Provided records Start Marker

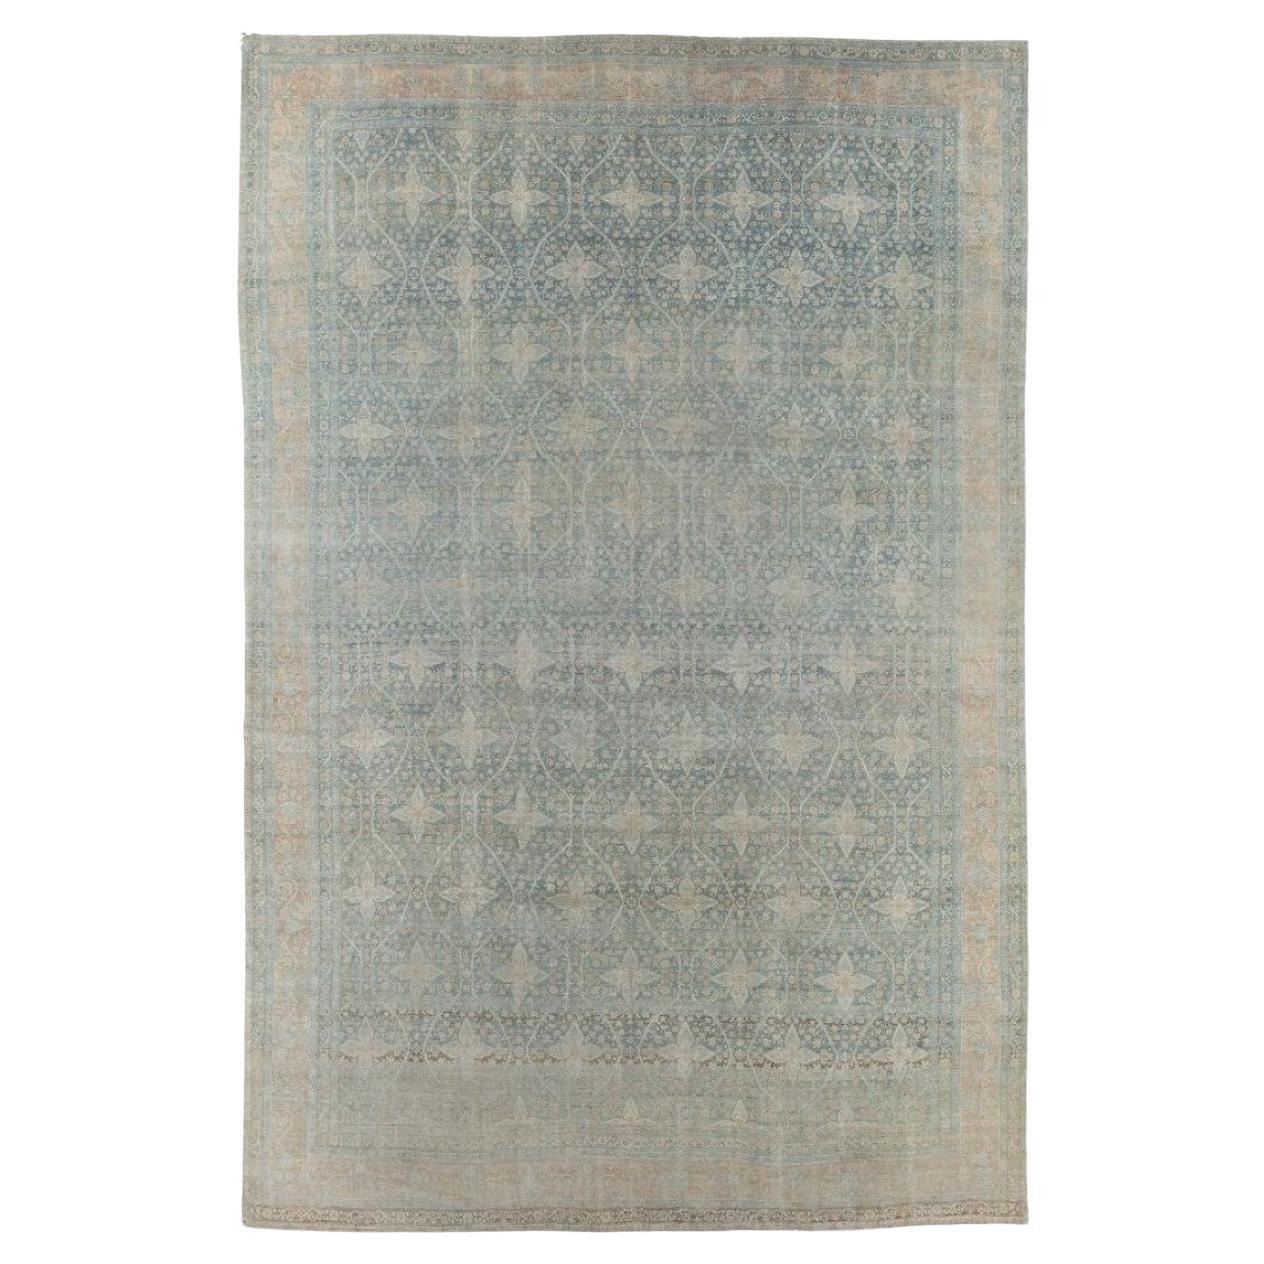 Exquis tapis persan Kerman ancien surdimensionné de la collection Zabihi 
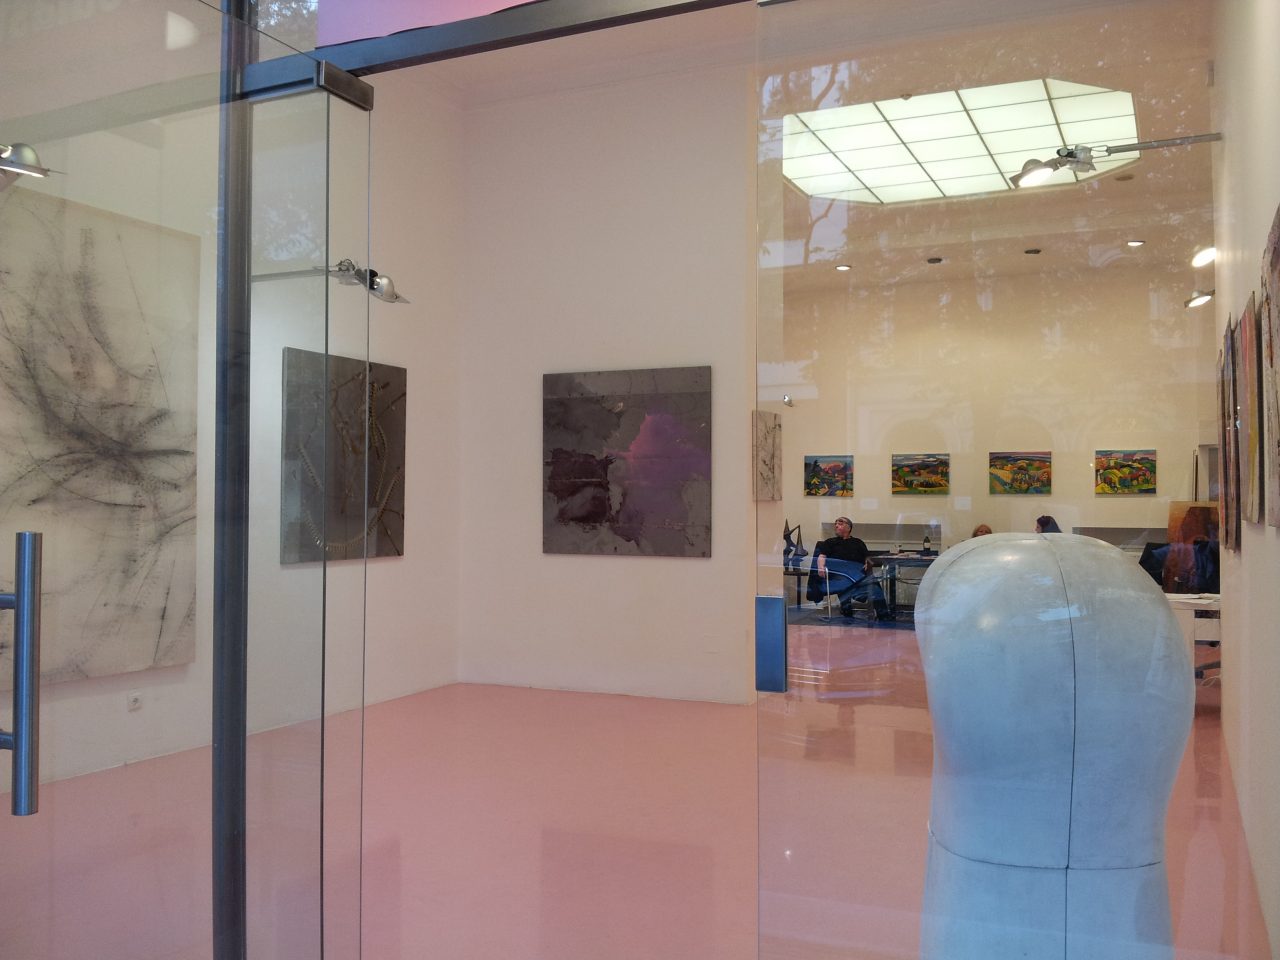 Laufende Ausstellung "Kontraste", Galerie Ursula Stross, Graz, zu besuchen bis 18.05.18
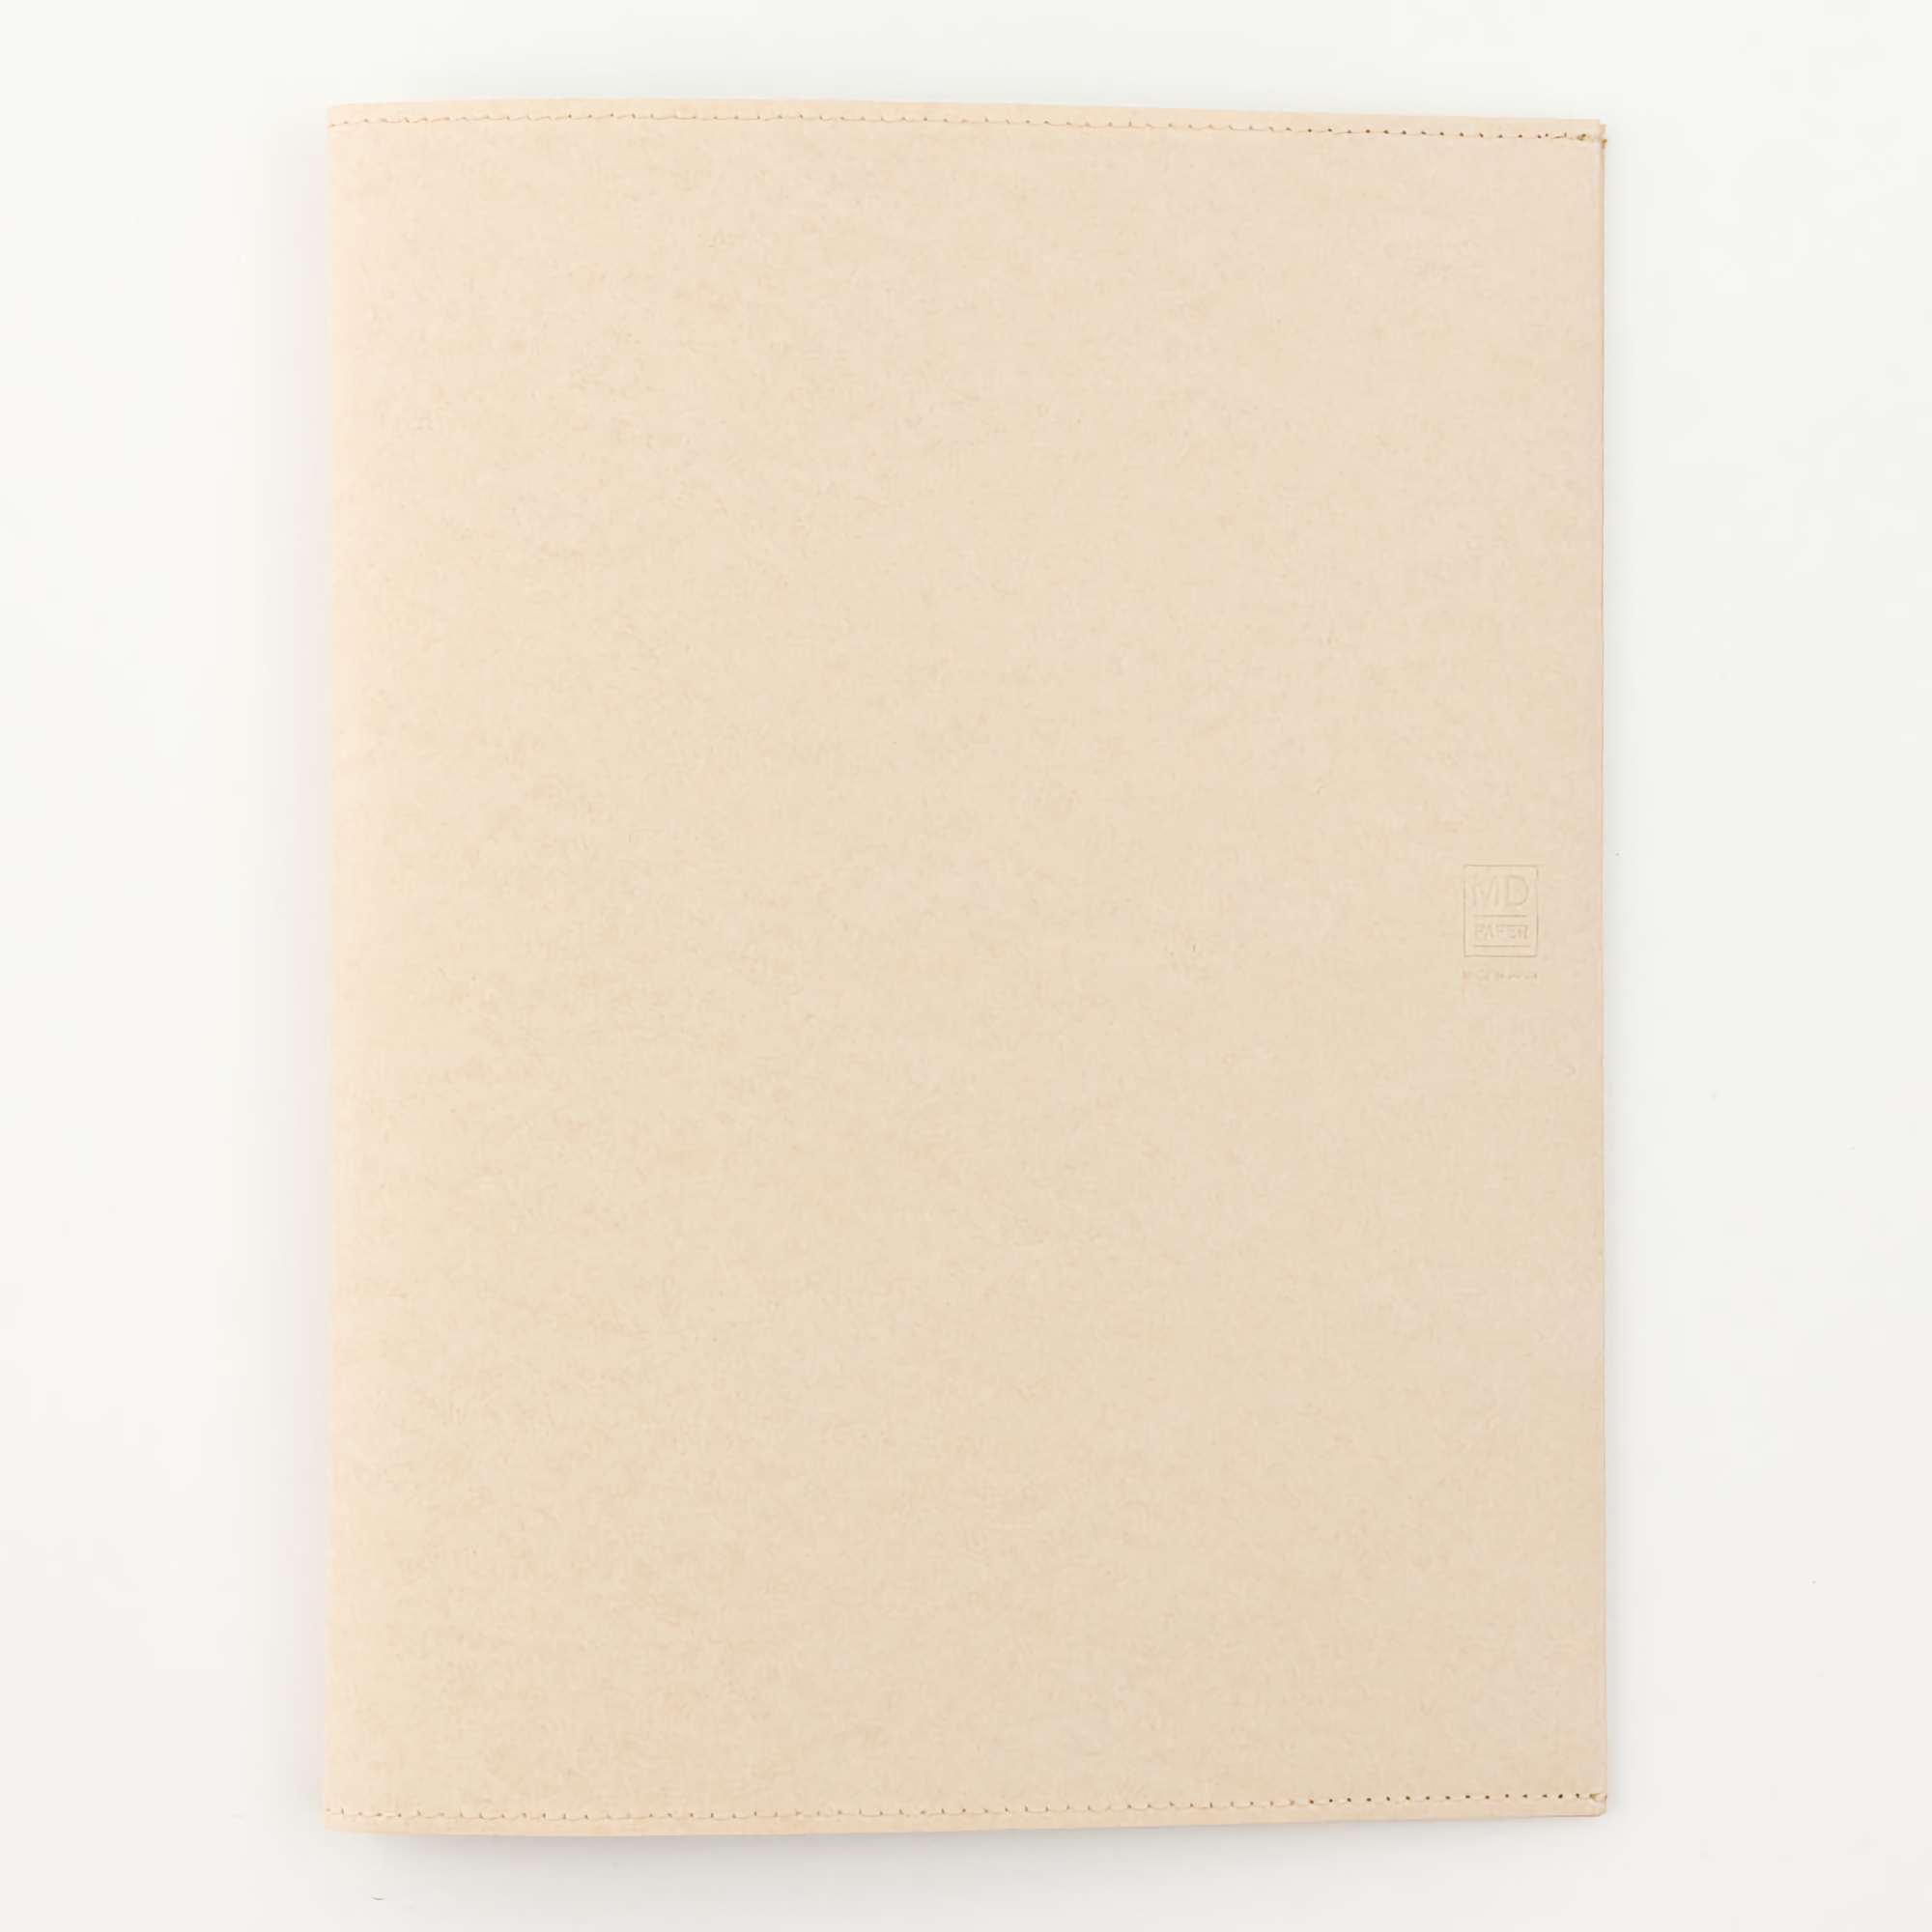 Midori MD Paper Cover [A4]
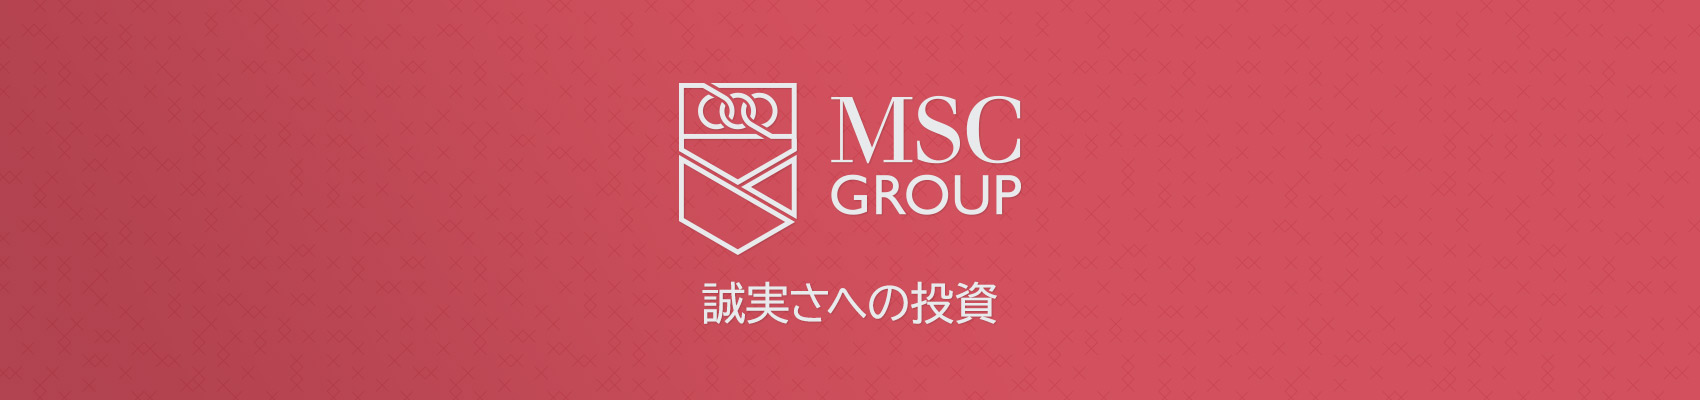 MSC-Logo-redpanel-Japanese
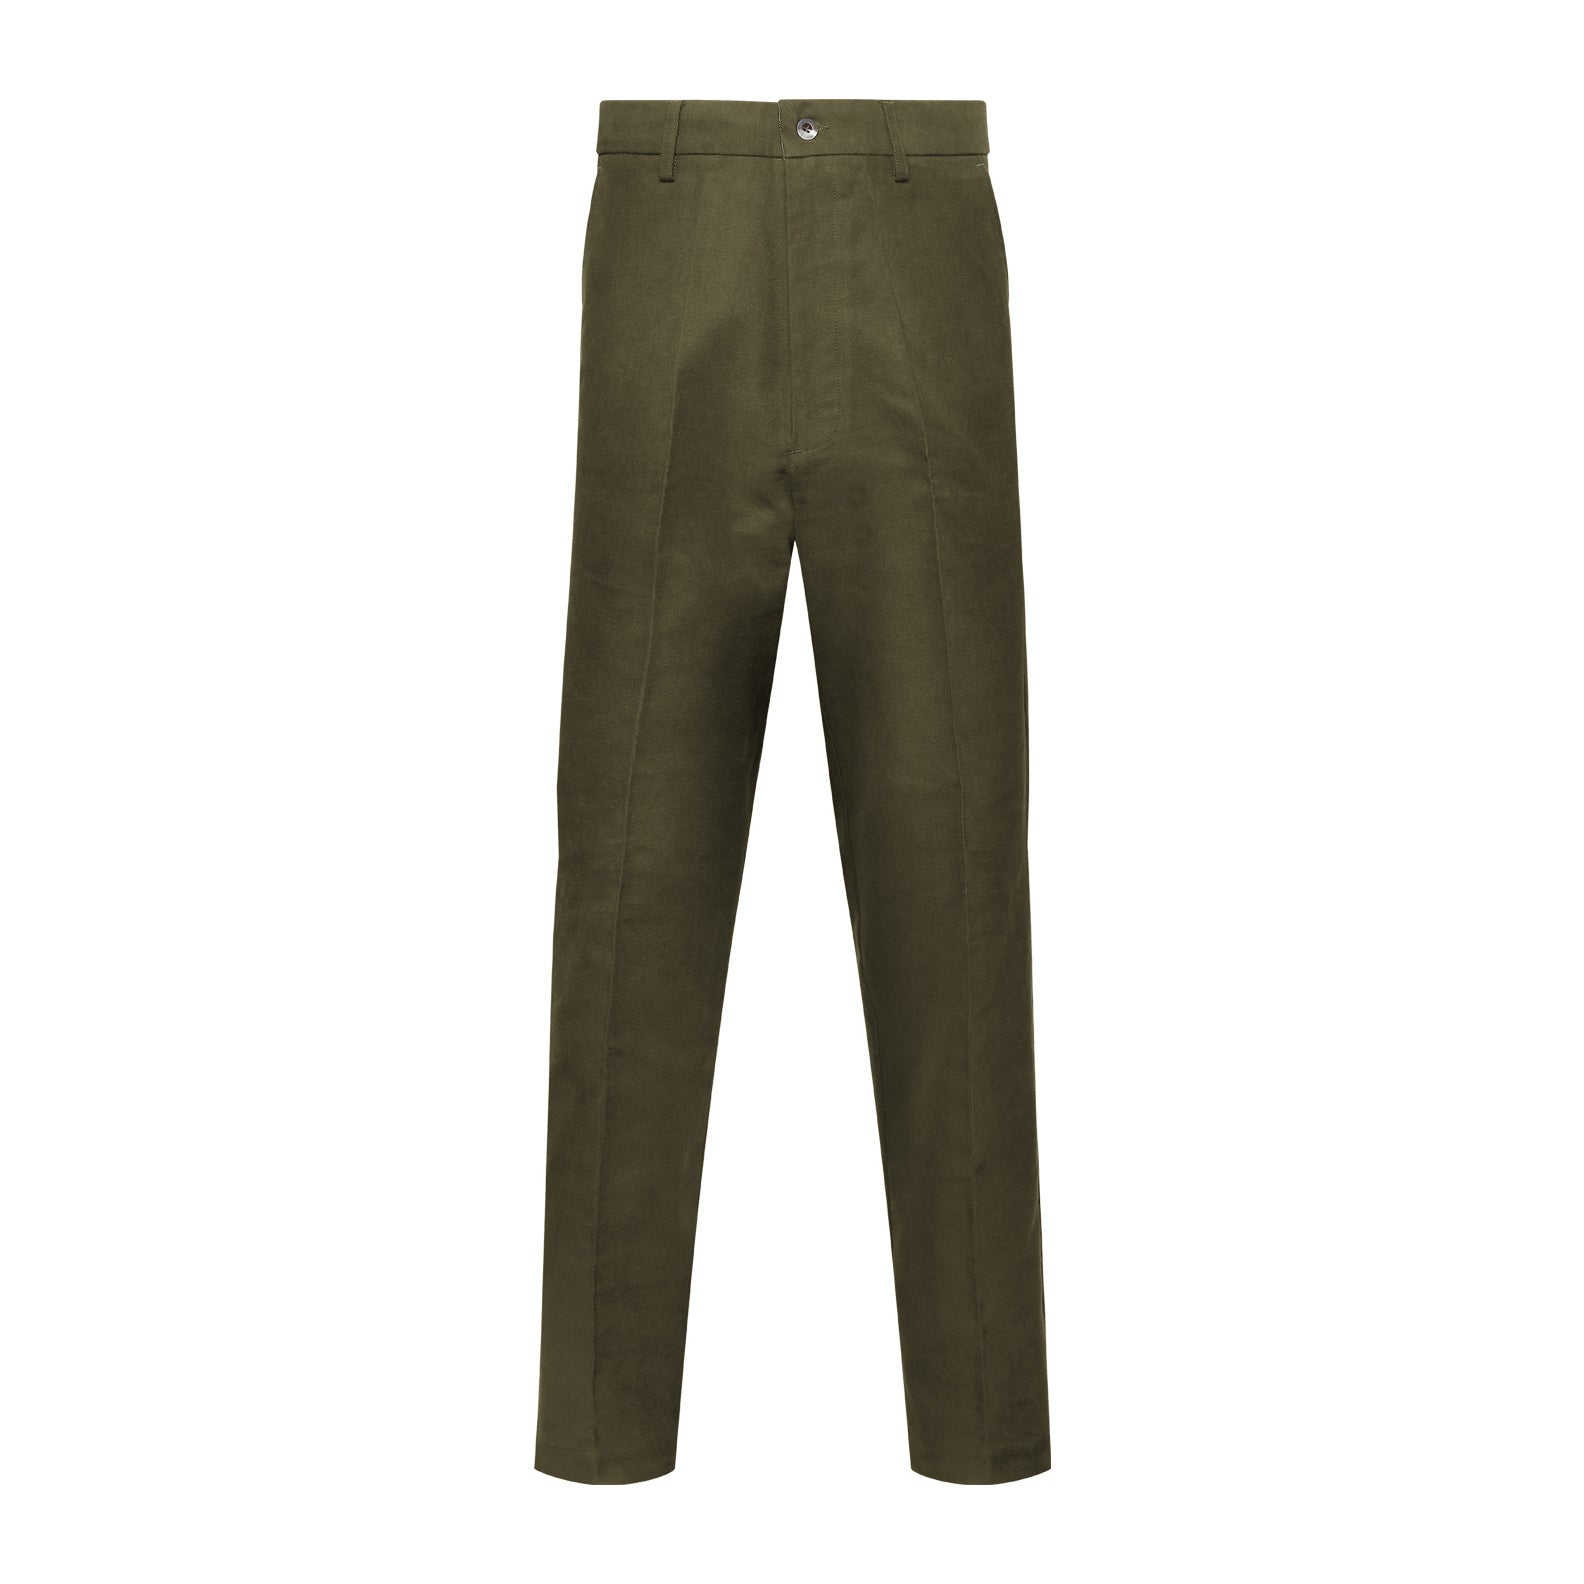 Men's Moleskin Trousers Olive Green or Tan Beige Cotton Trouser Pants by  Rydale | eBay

Provided records End Marker

# How to complete this task:
Give back the material word for word, leaving out its pictures.

# Exercise output:
 Exquis tapis persan Kerman ancien surdimensionné de la collection Zabihi 
 Laufende Ausstellung "Kontraste", Galerie Ursula Stross, Graz, zu besuchen bis 18.05.18
 Midori MD Paper Cover [A4]
 MSC-Logo-redpanel-Japanese
 Men's Moleskin Trousers Olive Green or Tan Beige Cotton Trouser Pants by  Rydale | eBay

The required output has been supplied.